> **What to do**
When you write out the listing, keep every character and omit the pictures.

Top of Data excerpt

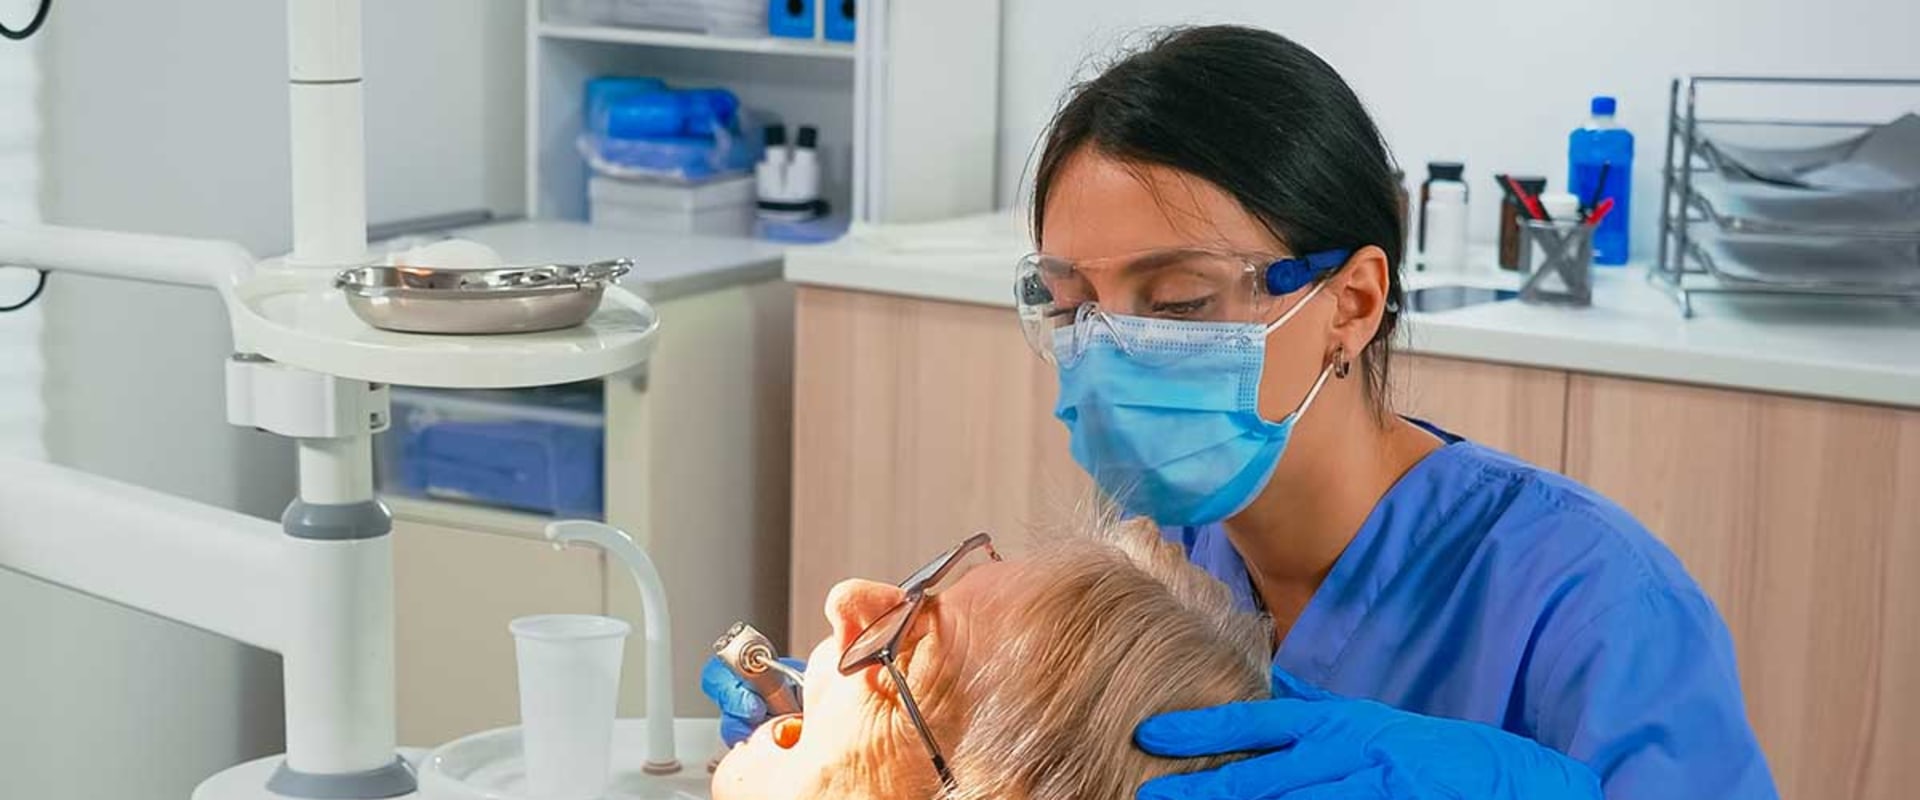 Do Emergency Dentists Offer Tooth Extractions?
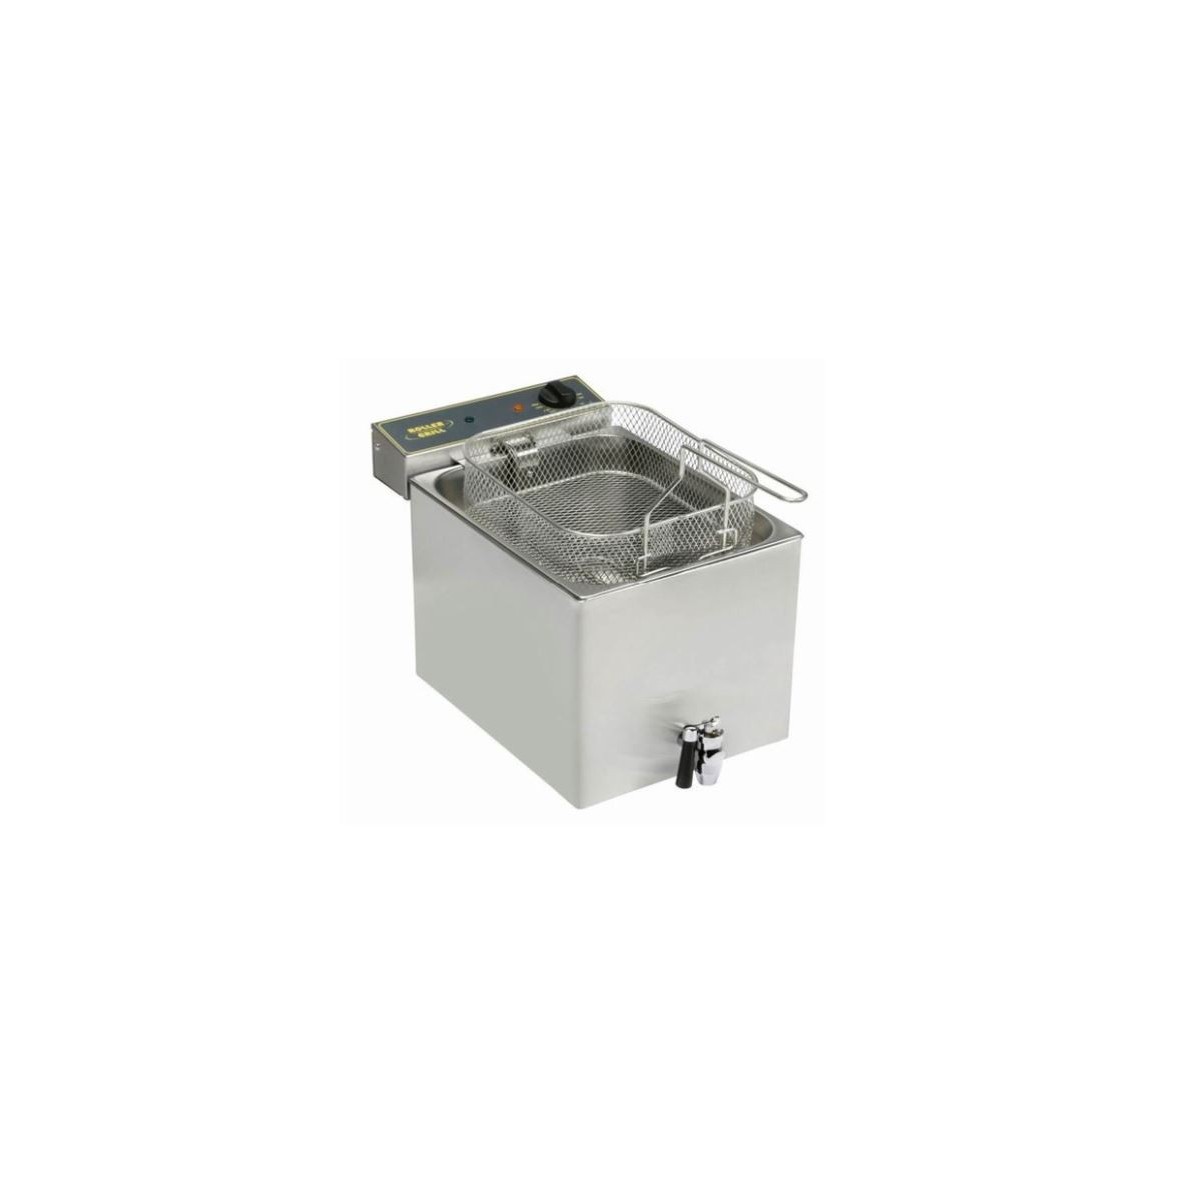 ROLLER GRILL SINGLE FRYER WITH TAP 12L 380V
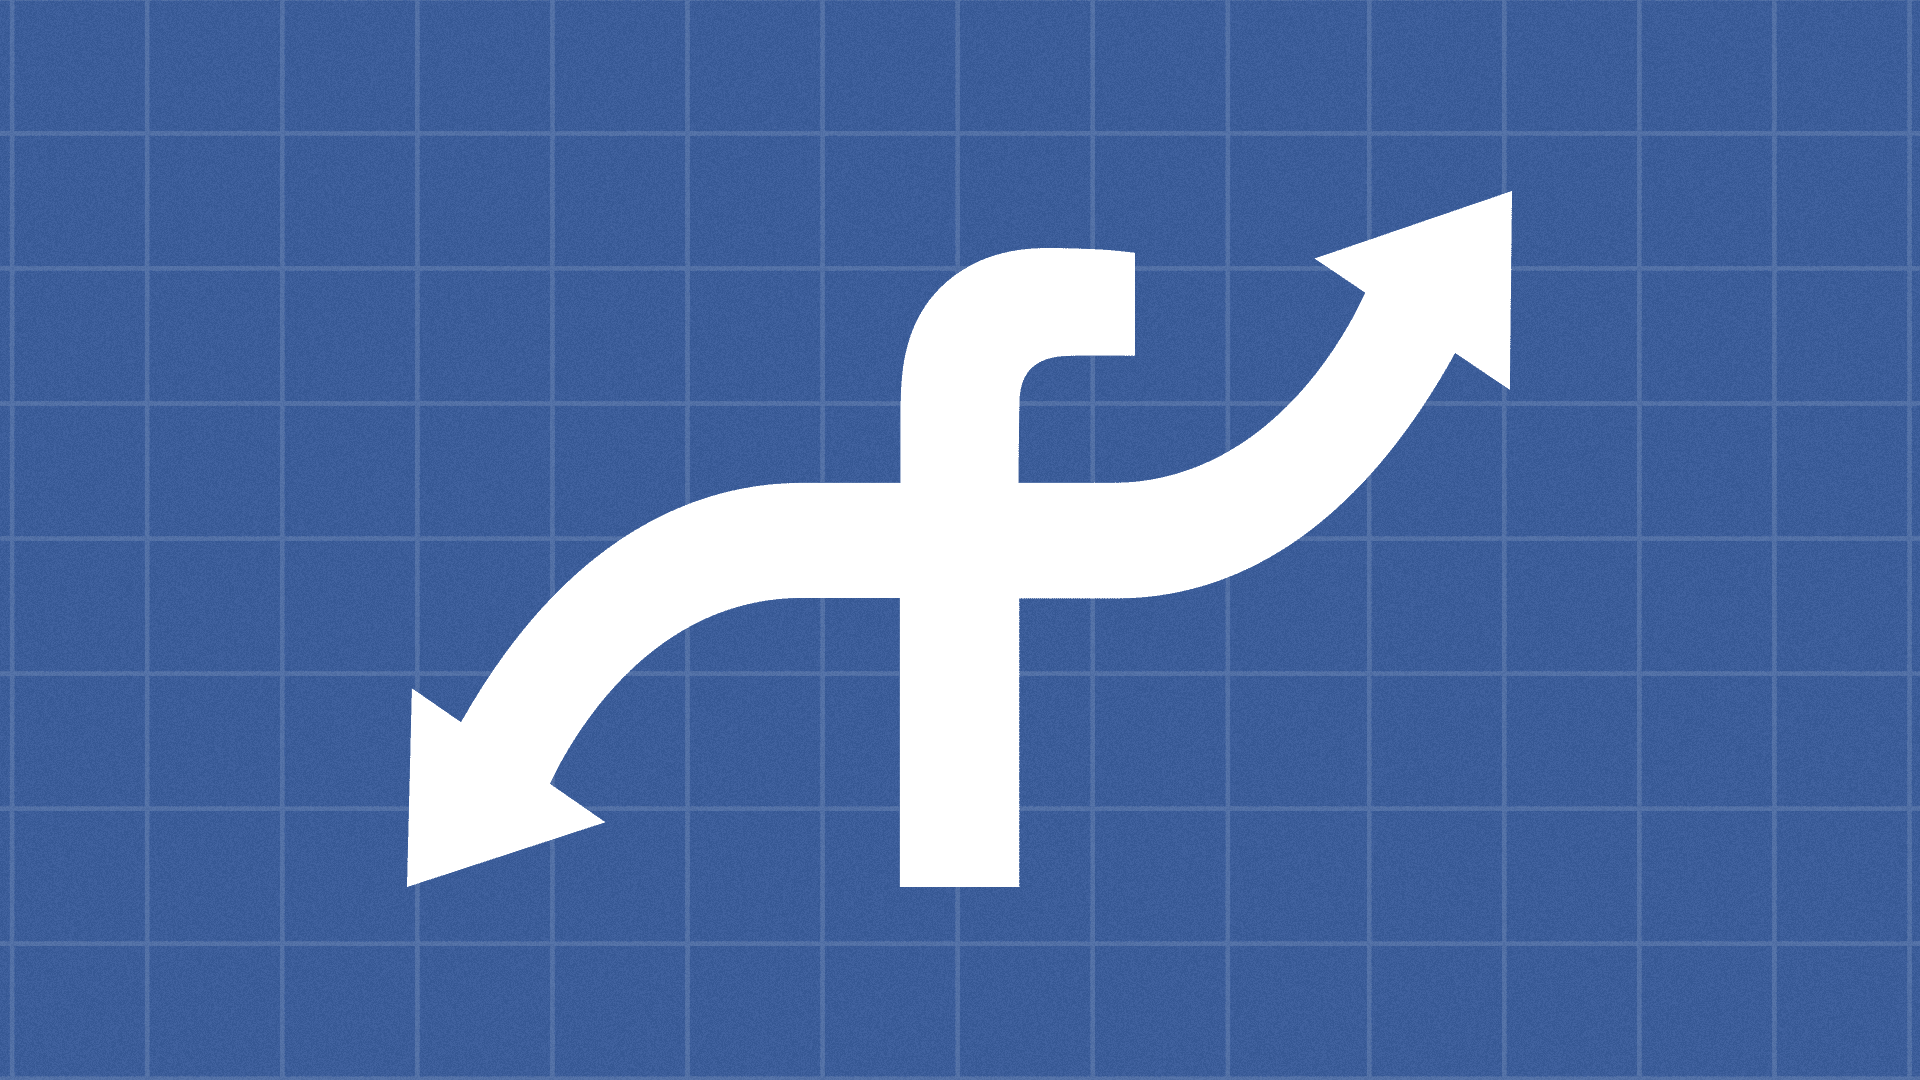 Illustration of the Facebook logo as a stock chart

Bottom of Data excerpt

> **Your solution**
 Do Emergency Dentists Offer Tooth Extractions?
 ROLLER GRILL SINGLE FRYER WITH TAP 12L 380V
 Illustration of the Facebook logo as a stock chart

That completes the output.